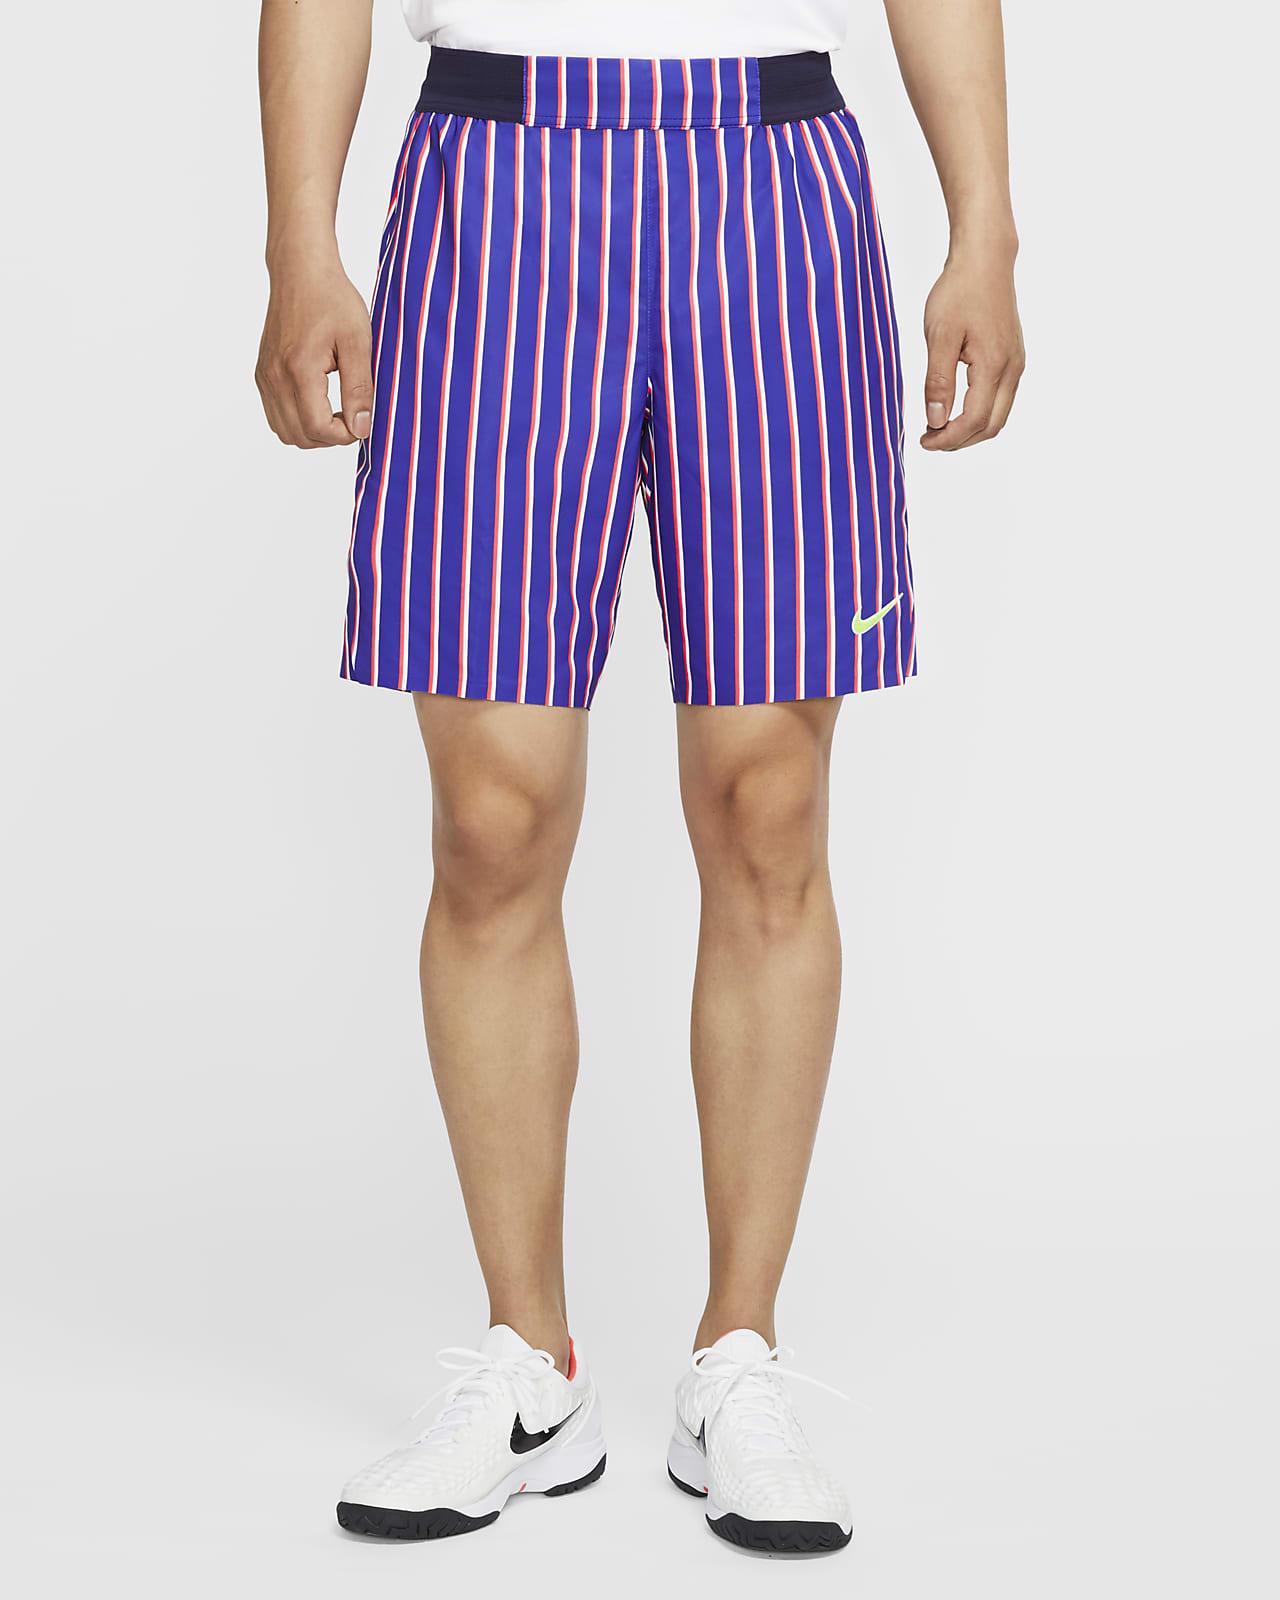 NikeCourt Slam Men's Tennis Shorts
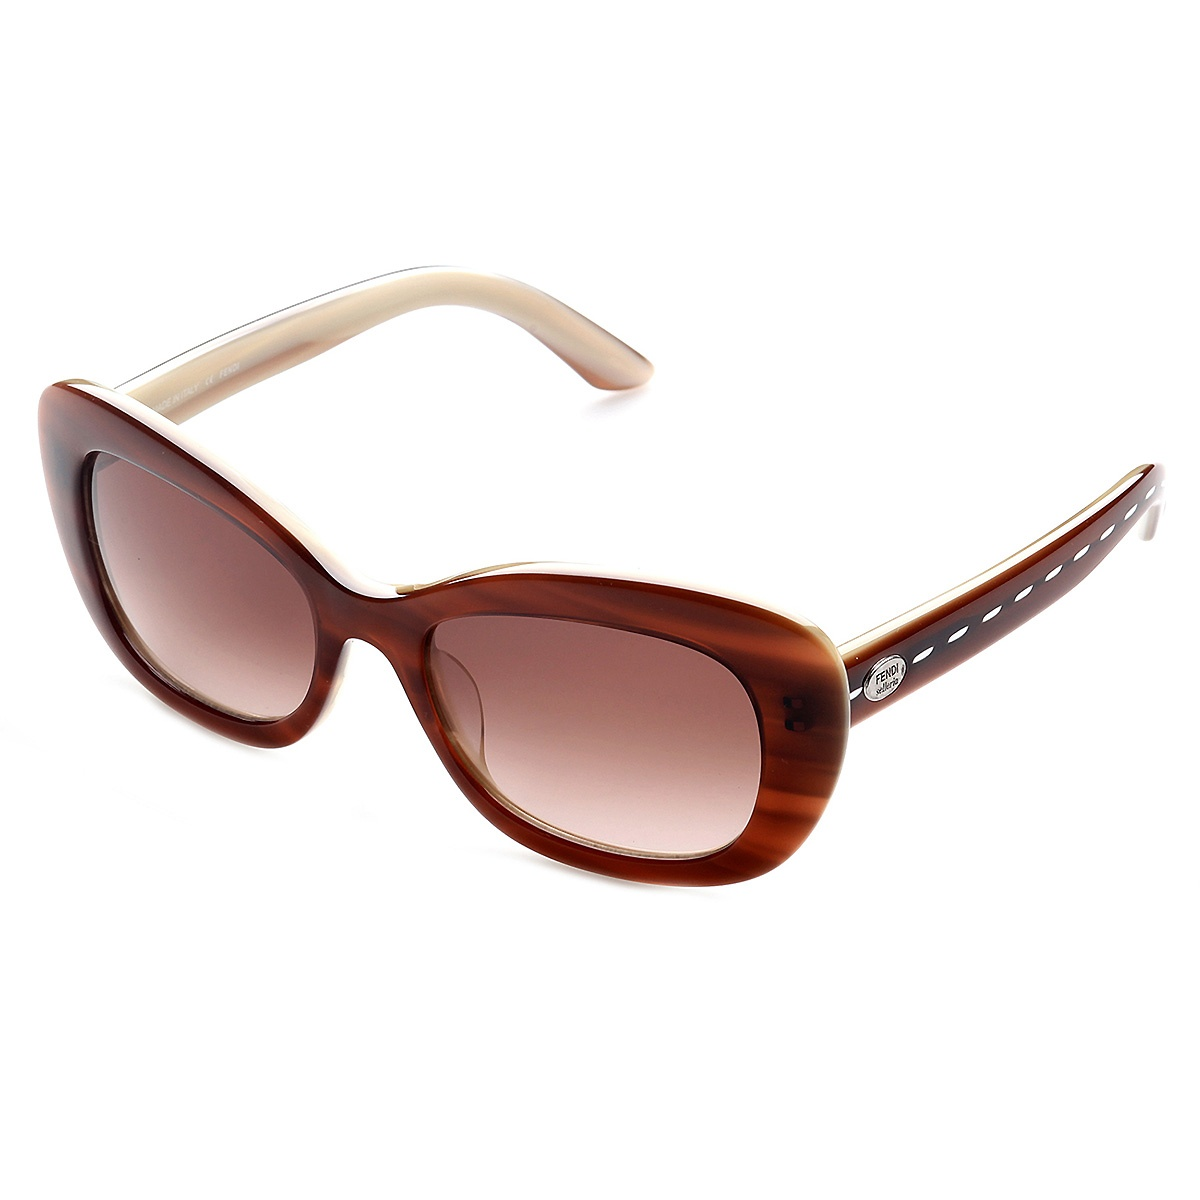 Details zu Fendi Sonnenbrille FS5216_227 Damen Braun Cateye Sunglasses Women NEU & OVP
--
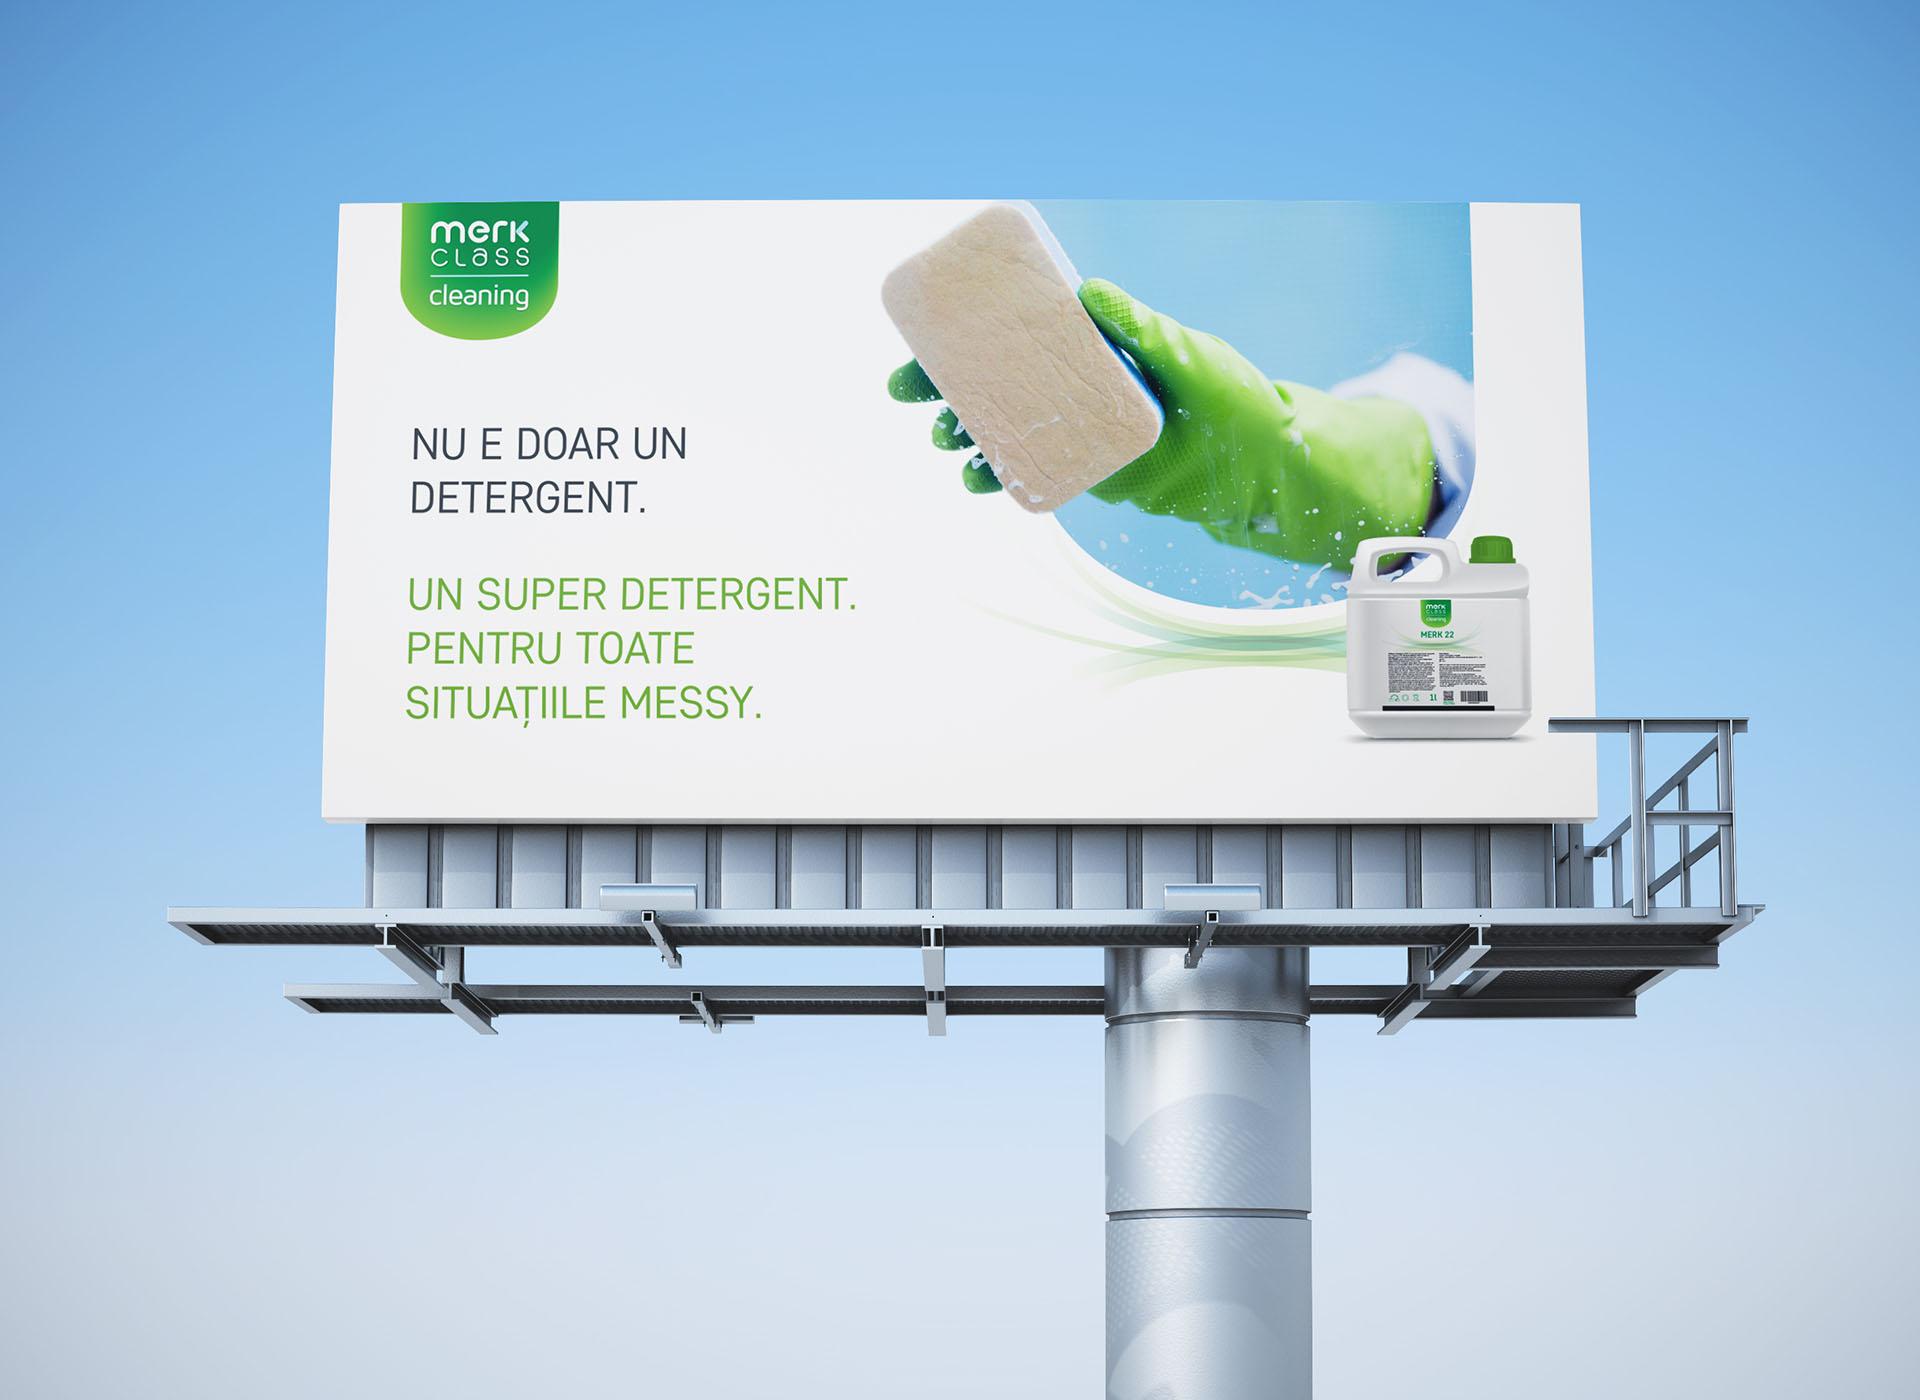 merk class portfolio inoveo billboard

* **Exercise directions**
Exactly the lines starting at the one above with "NikeCourt Slam Men's Tennis Shorts" and ending at the one with "Details zu Fendi" should be printed, and nothing else. Omit the pictures.

* **Answer section**
 NikeCourt Slam Men's Tennis Shorts
 Details zu Fendi Sonnenbrille FS5216_227 Damen Braun Cateye Sunglasses Women NEU & OVP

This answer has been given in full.